But I think that on the whole (talking about massive generalisations and not studies of individuals), those preferences are innate.
jeez. I hope whatever you teach it isn't science. The evidence shows the vast majority is taught. There may or may not be a tiny minority innate/biological effect. But yeah, you go with your beliefs....and while teachers like you are ignoring the evidence and going with their beliefs, I'll be going with home education.
My DD used to wear a batman swimming costume. She got SO many questions from adults and children along the lines of 'are you a girl or a boy?' 'why are you wearing that then?' 'wouldn't you like a nice pink costume like mine?' and she didn't get ANY questions from lifeguards about whether or not she should be swimming out of her depth.
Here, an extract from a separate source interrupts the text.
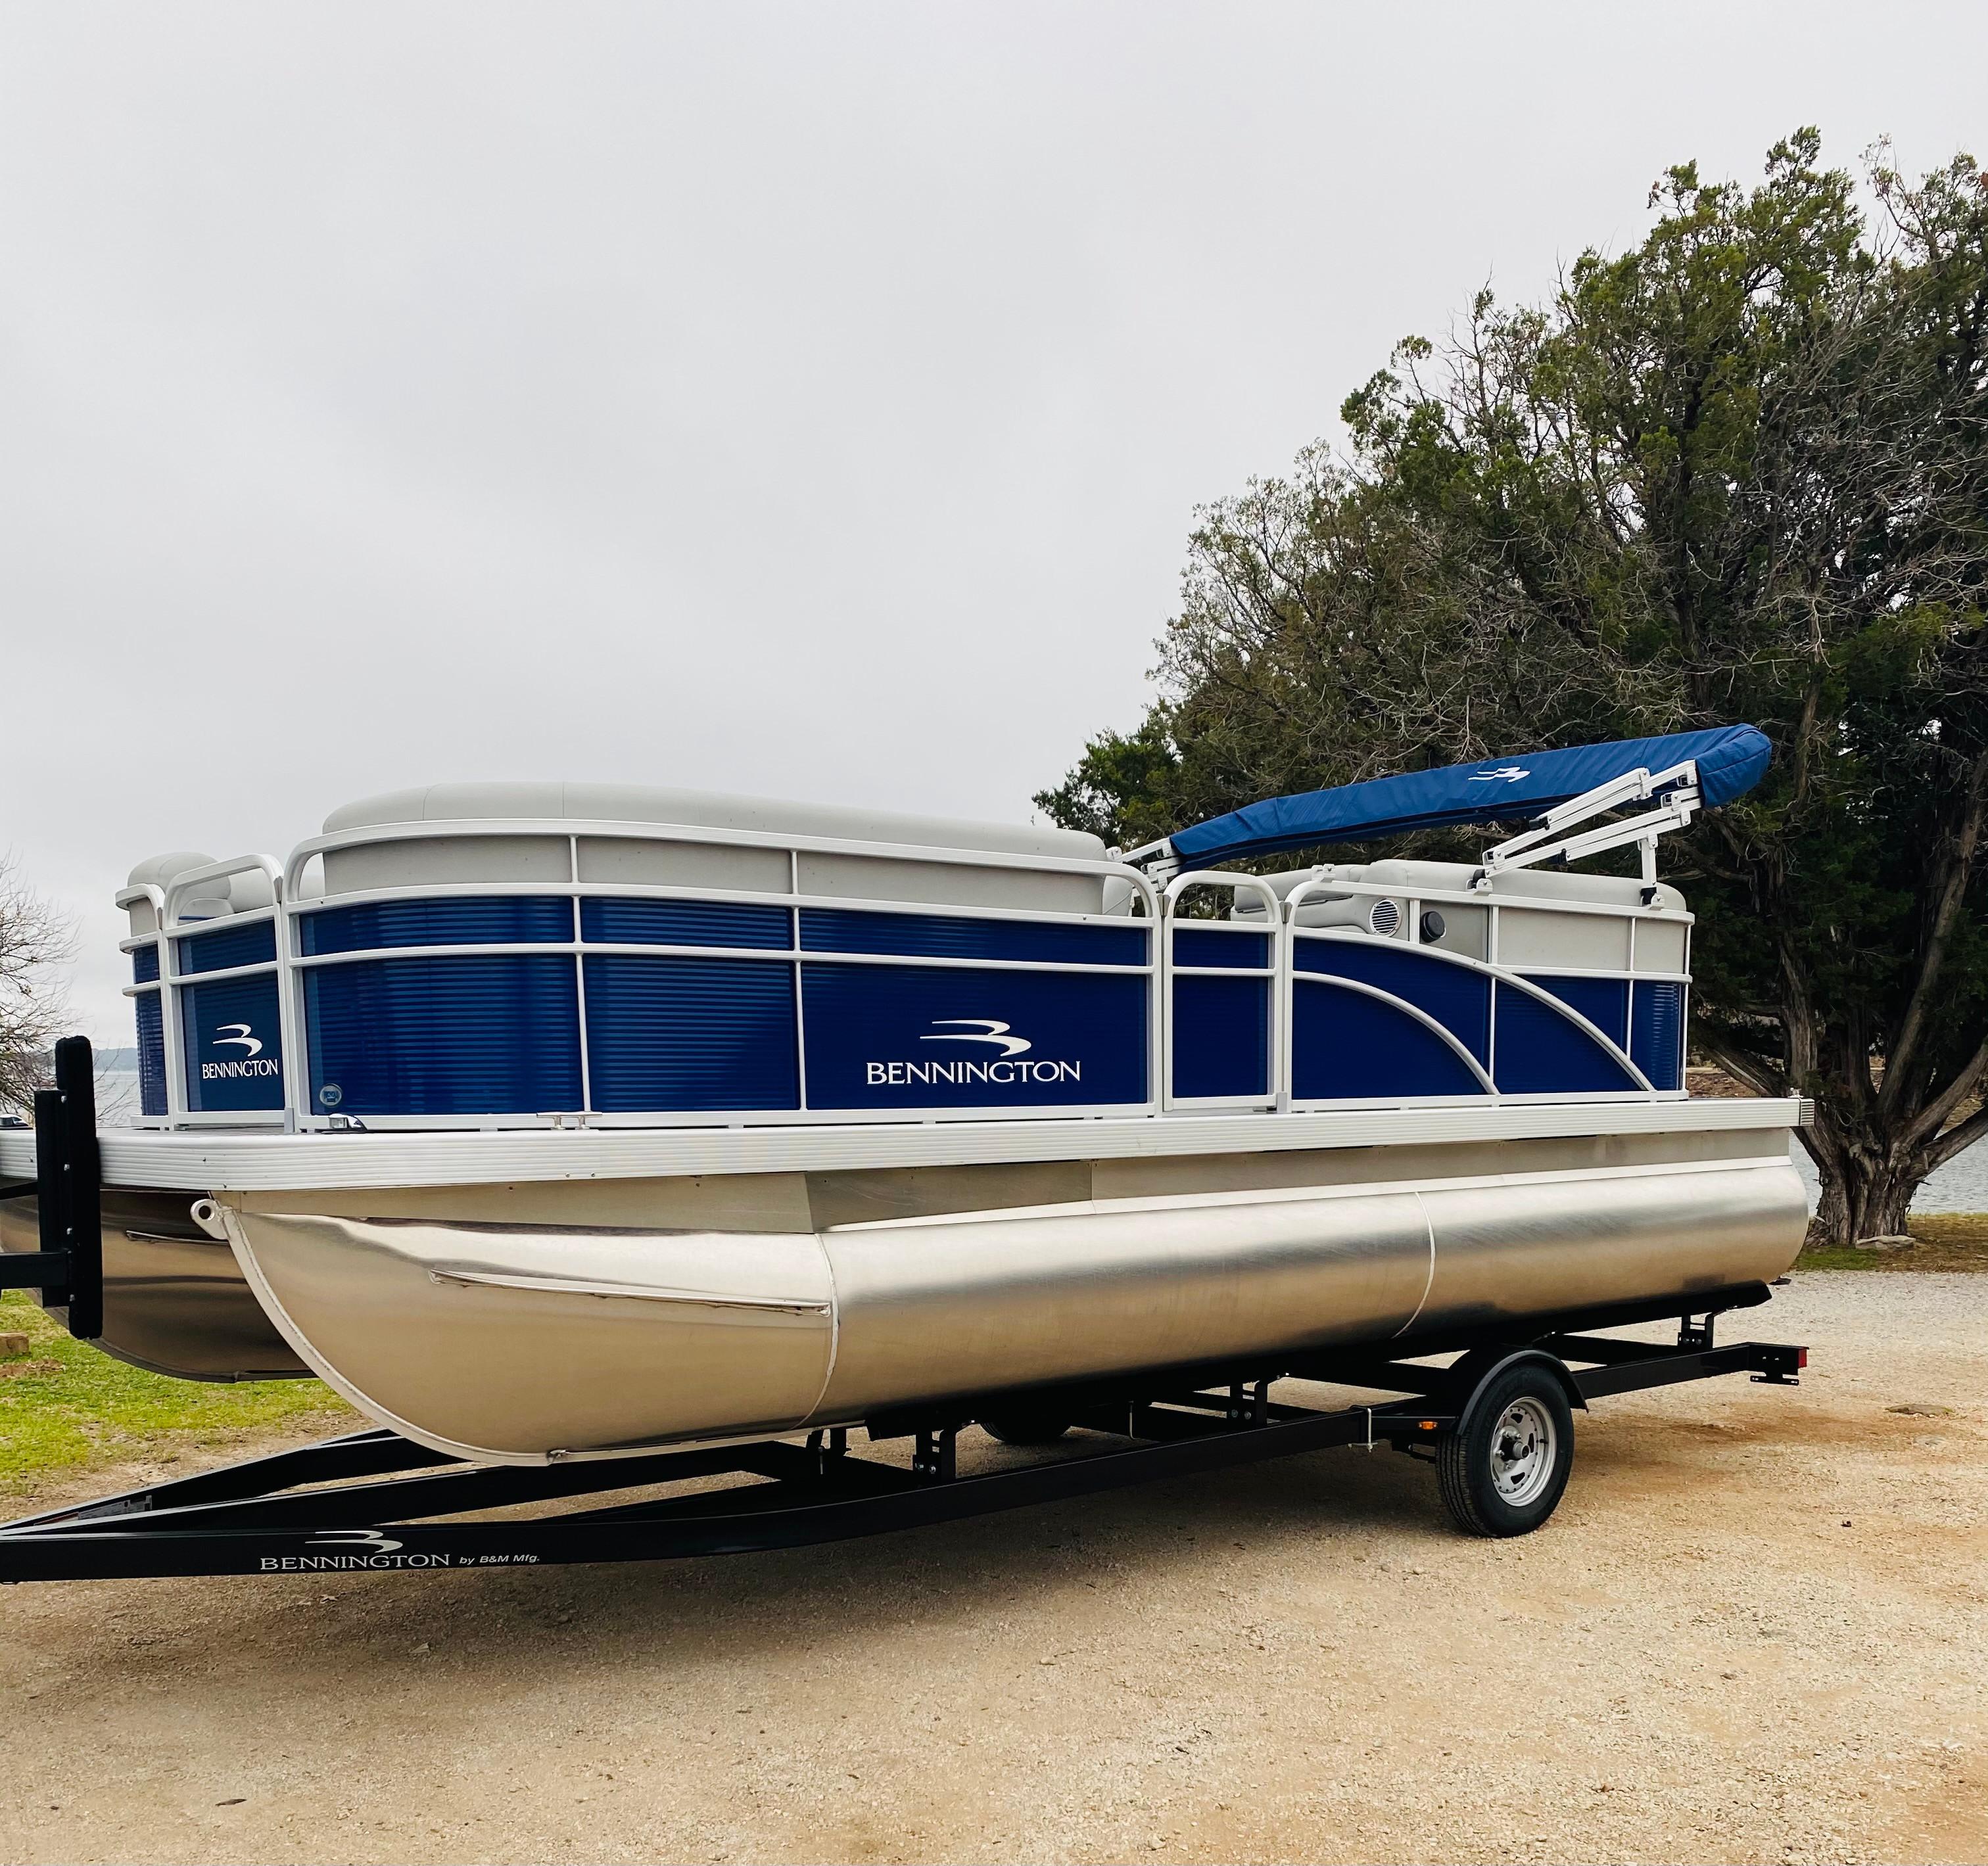 18 Foot Boat Rental 1/2 Day
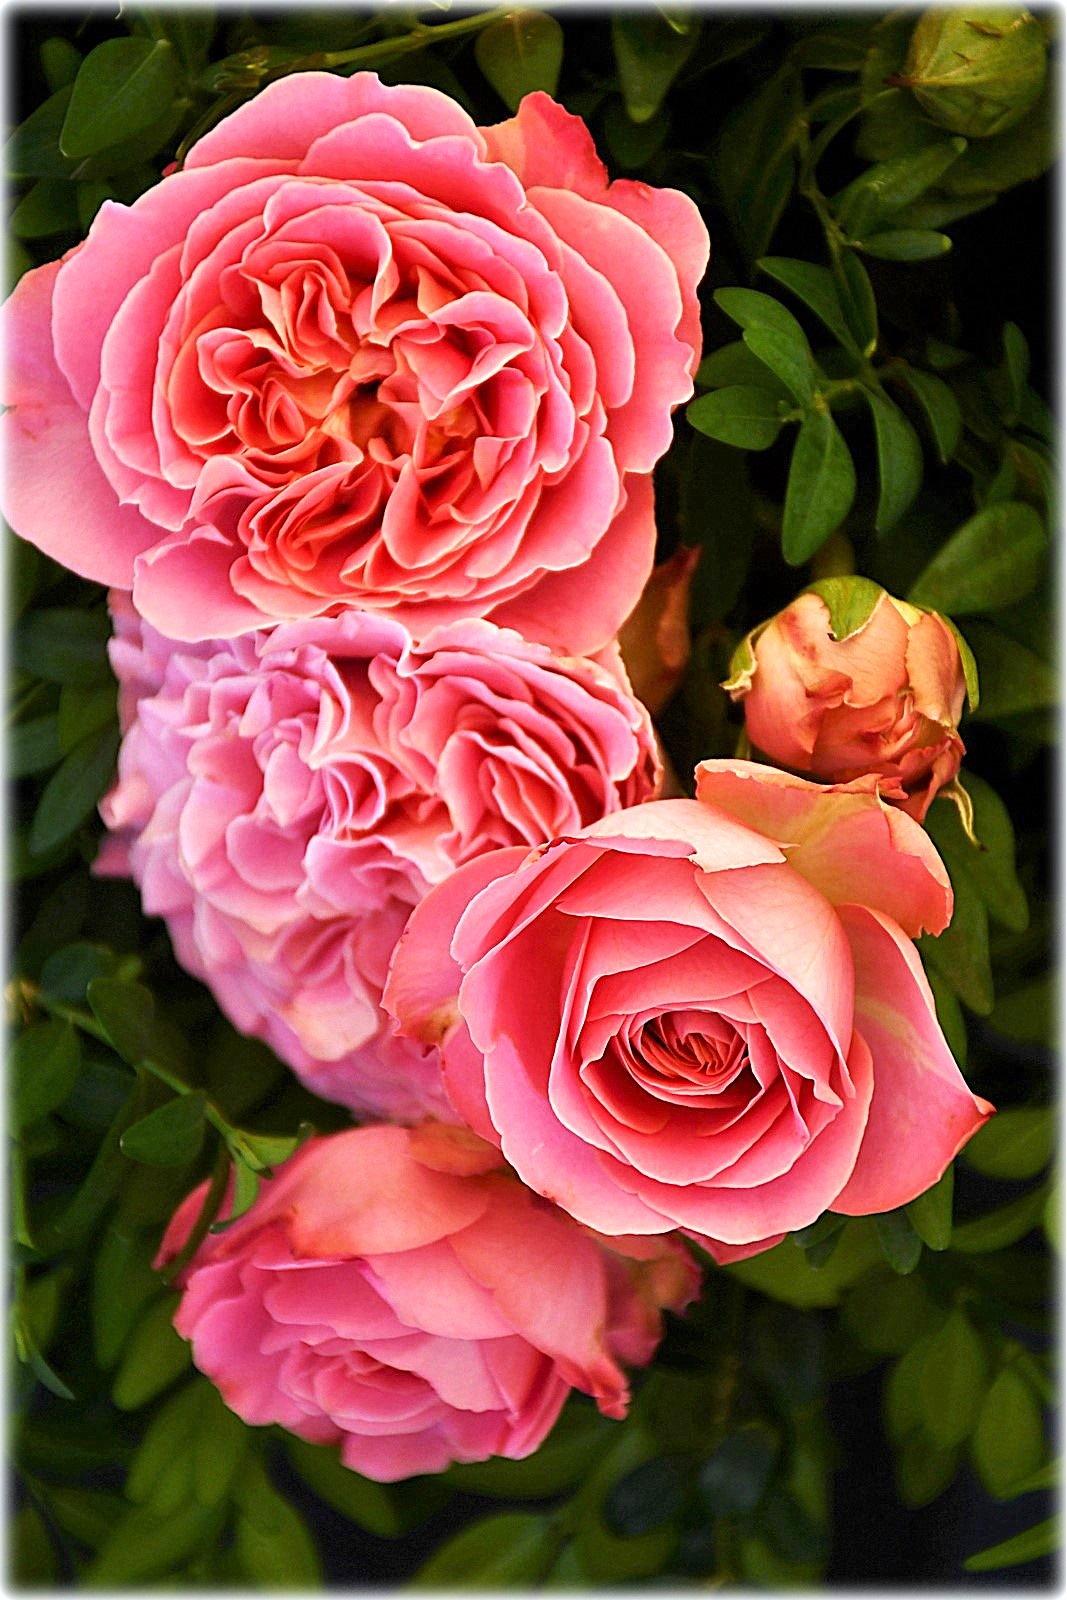 """roses"" by BauerStefan"

When it wore out, we went shopping and it turned out she mysteriously suddenly preferred a pink and orange flowery costume.
So now we get no comments querying her gender, and every single bloody week a life guard would be over asking if she was okay to swim our of her depth.
A month ago in the shower, an adult came over and said 'Ah, I thought it was you....what happened to your lovely batman costume? I loved seeing you play in that'. And guess what....now she wants to go back to super heros when her current costume wears out.
So....do you think her preference for super heros versus flowers is A) innate, biological and there since birth, B) imposed by what people around her tell her they think she should prefer?
And would you care to guess what all that querying her ability has done to her actually ability, let alone her confidence, in swimming? Yes, that's right, we are now about 3 months back from where we were when the batman costume died, all because of people assuming girls must be less able and less confident than boys.
That is exactly how adults (and other children) impose gender difference on children, where none existed.